The first CPU is a cluster always own the real nodes.

>>                         continue;
>>
>>                 pr_debug("Adding link for CPU: %u\n", j);
>> @@ -881,12 +881,16 @@ static int cpufreq_add_dev_symlink(struct
>> cpufreq_policy *policy)
>>         return ret;
>>  }
>>
>> -static int cpufreq_add_dev_interface(struct cpufreq_policy *policy,
>> -                                    struct device *dev)
>> +static int cpufreq_add_dev_interface(struct cpufreq_policy *policy)
>>  {
>>         struct freq_attr **drv_attr;
>> +       struct device *dev;
>>         int ret = 0;
>>
>> +       dev = get_cpu_device(cpumask_first(policy->related_cpus));
>> +       if (!dev)
>> +               return -EINVAL;
>> +
>
> Why?

I'm just always adding the real nodes to the first CPU in a cluster
independent of which CPU gets added first.

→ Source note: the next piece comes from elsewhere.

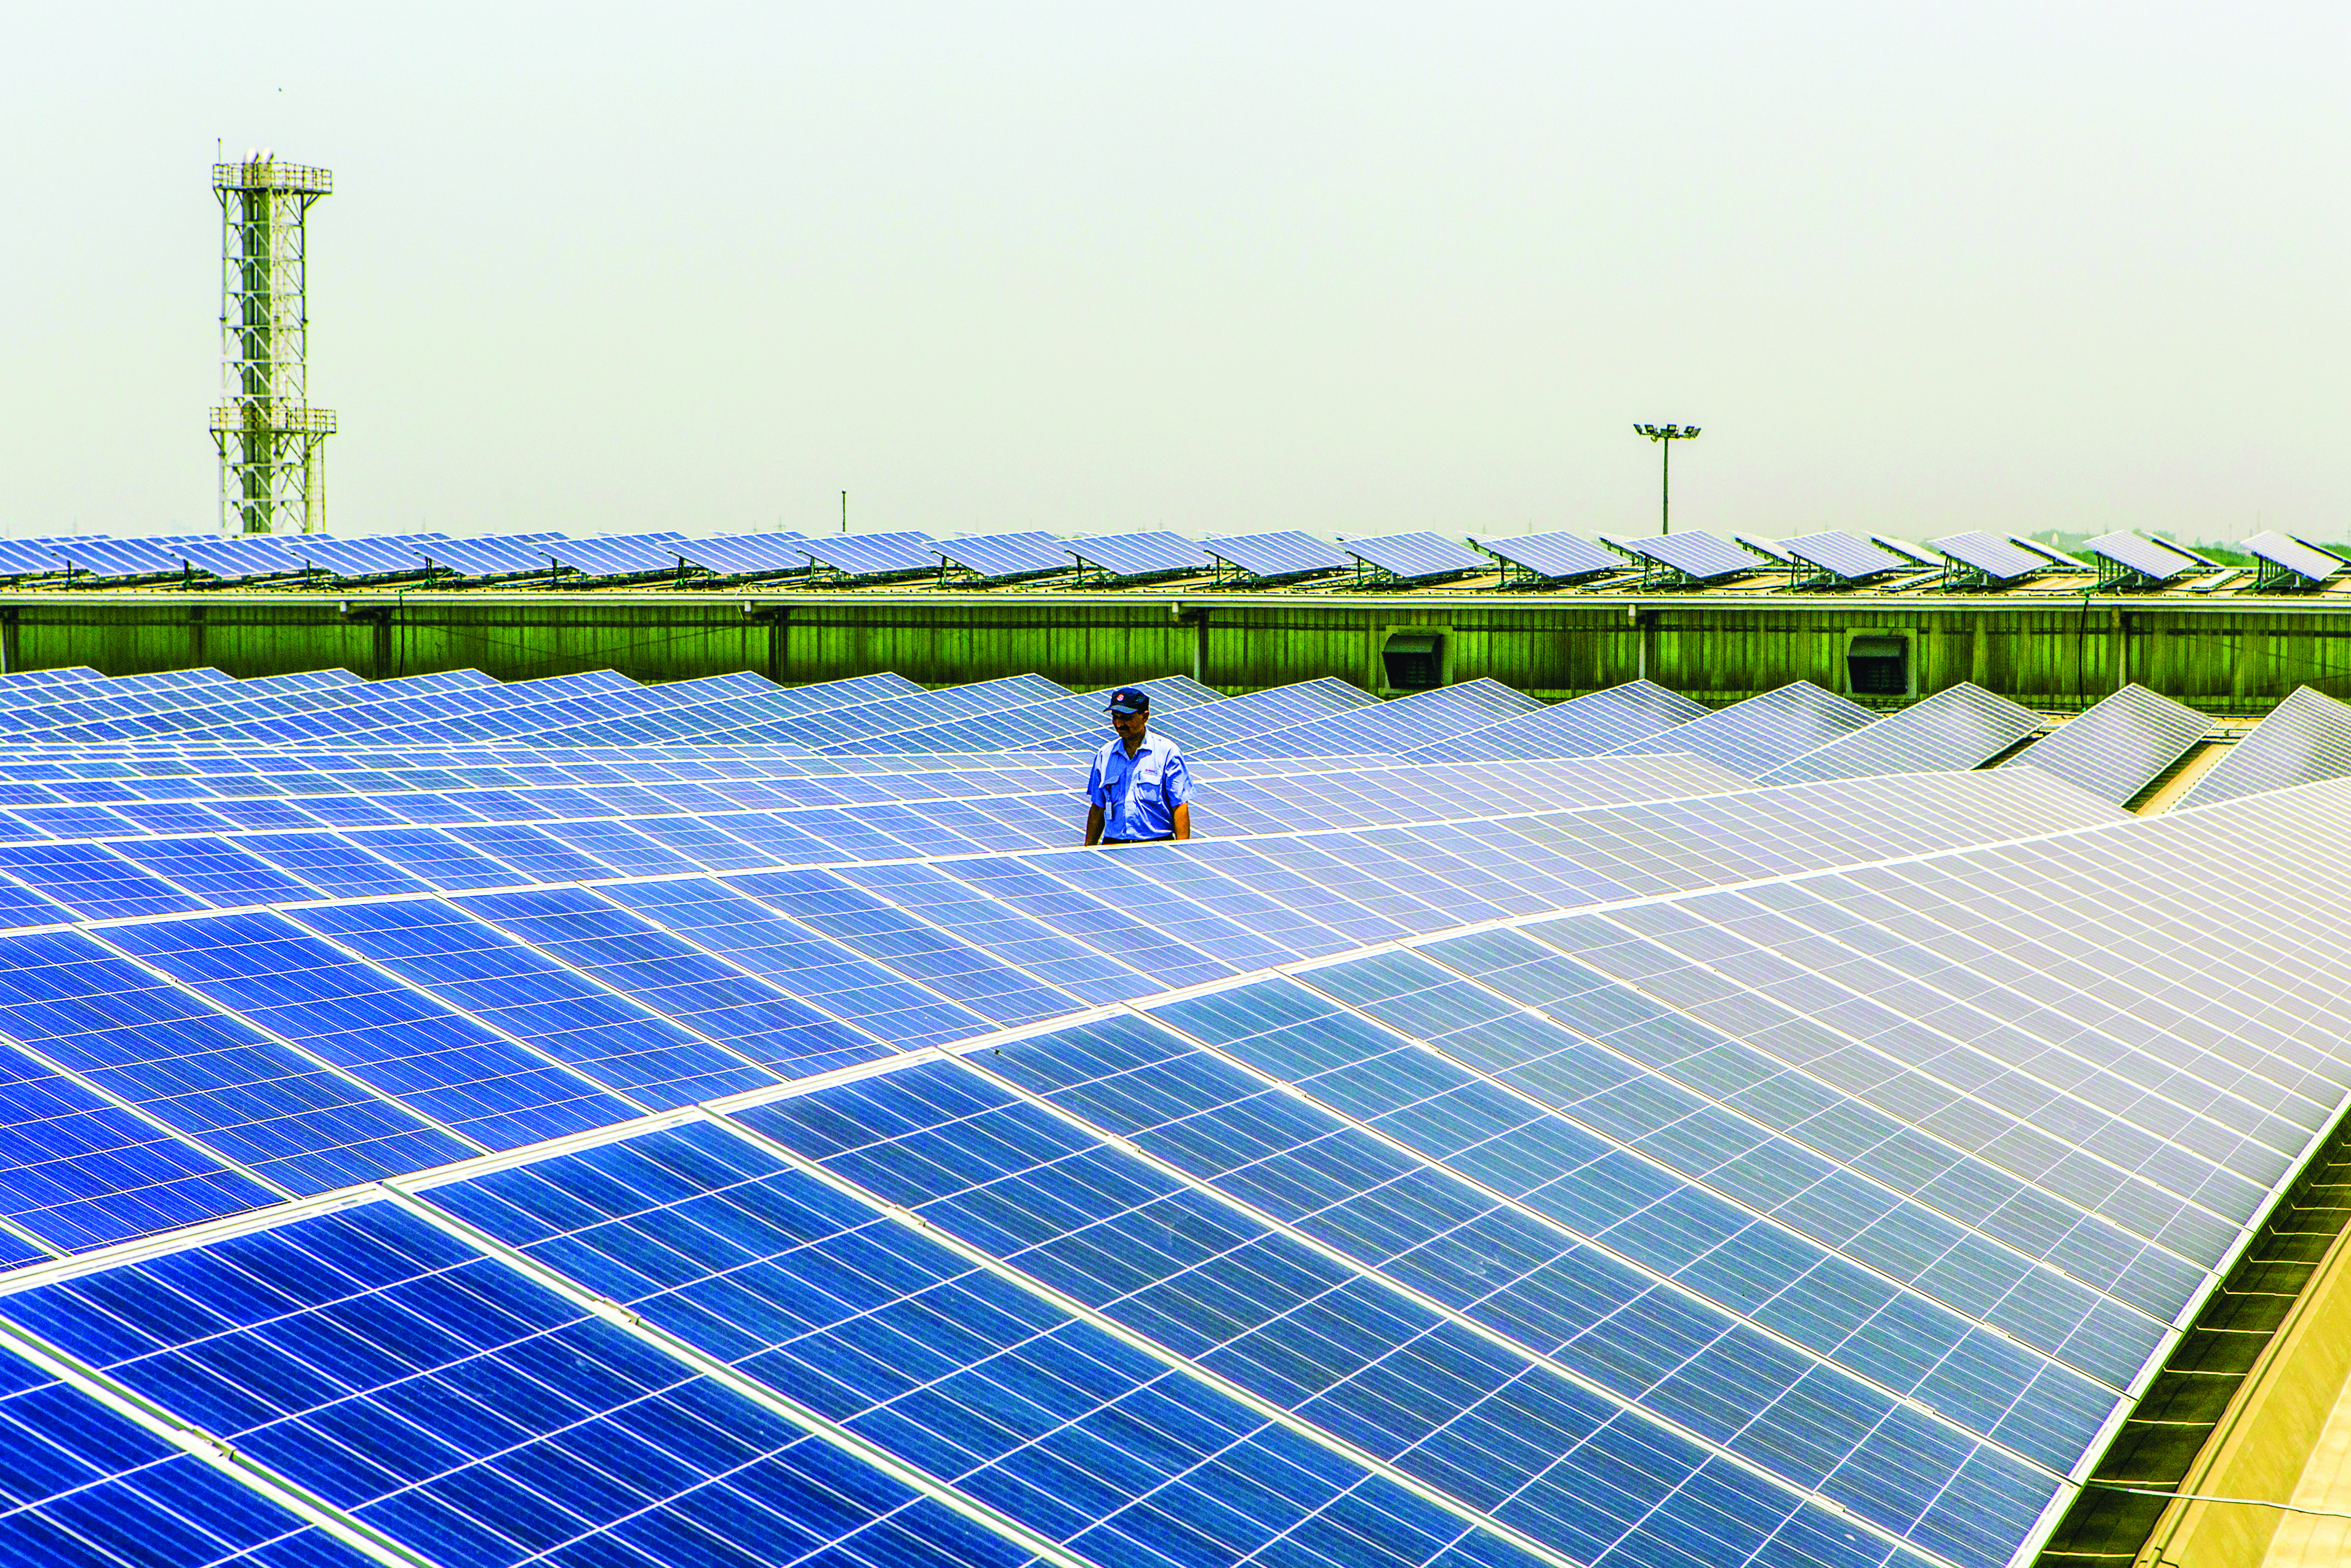 Dubai starts desert solar plant as part of world's biggest park

Makes it easier to know which
ones to symlink. See comment next to policy->cpu for full context.

>>         /* prepare interface data */
>>         ret = kobject_init_and_add(&policy->kobj, &ktype_cpufreq,
>>                                    &dev->kobj, "cpufreq");
>> @@ -961,60 +965,53 @@ static void cpufreq_init_policy(struct
>> cpufreq_policy *policy)
>>  }
>>
>>  #ifdef CONFIG_HOTPLUG_CPU
>> -static int cpufreq_add_policy_cpu(struct cpufreq_policy *policy,
>> -                                 unsigned int cpu, struct device *dev)
>> +static int cpufreq_change_policy_cpus(struct cpufreq_policy *policy,
>> +                                 unsigned int cpu, bool add)
>>  {
>>         int ret = 0;
>> -       unsigned long flags;
>> +       unsigned int cpus;
>>
>> -       if (has_target()) {
>> +       down_write(&policy->rwsem);
>> +       cpus = cpumask_weight(policy->cpus);
>> +       if (has_target() && cpus > 0) {
>>                 ret = __cpufreq_governor(policy, CPUFREQ_GOV_STOP);
>>                 if (ret) {
>>                         pr_err("%s: Failed to stop governor\n",
>> __func__);
>> -                       return ret;
>> +                       goto unlock;
>>                 }
>>         }
>>
>> -       down_write(&policy->rwsem);
>> -
>> -       write_lock_irqsave(&cpufreq_driver_lock, flags);
>> -
>> -       cpumask_set_cpu(cpu, policy->cpus);
>> -       per_cpu(cpufreq_cpu_data, cpu) = policy;
>> -       write_unlock_irqrestore(&cpufreq_driver_lock, flags);
>> +       if (add)
>> +               cpumask_set_cpu(cpu, policy->cpus);
>> +       else
>> +               cpumask_clear_cpu(cpu, policy->cpus);
>>
>> -       up_write(&policy->rwsem);
>> +       blocking_notifier_call_chain(&cpufreq_policy_notifier_list,
>> +                                       CPUFREQ_UPDATE_POLICY_CPU,
>> policy);
>
> This should be only called when policy->cpu is updated. And shouldn't
> be called anymore and can be dropped as you might not wanna change
> policy->cpu after this patch.

Right. I should have reordered this to after.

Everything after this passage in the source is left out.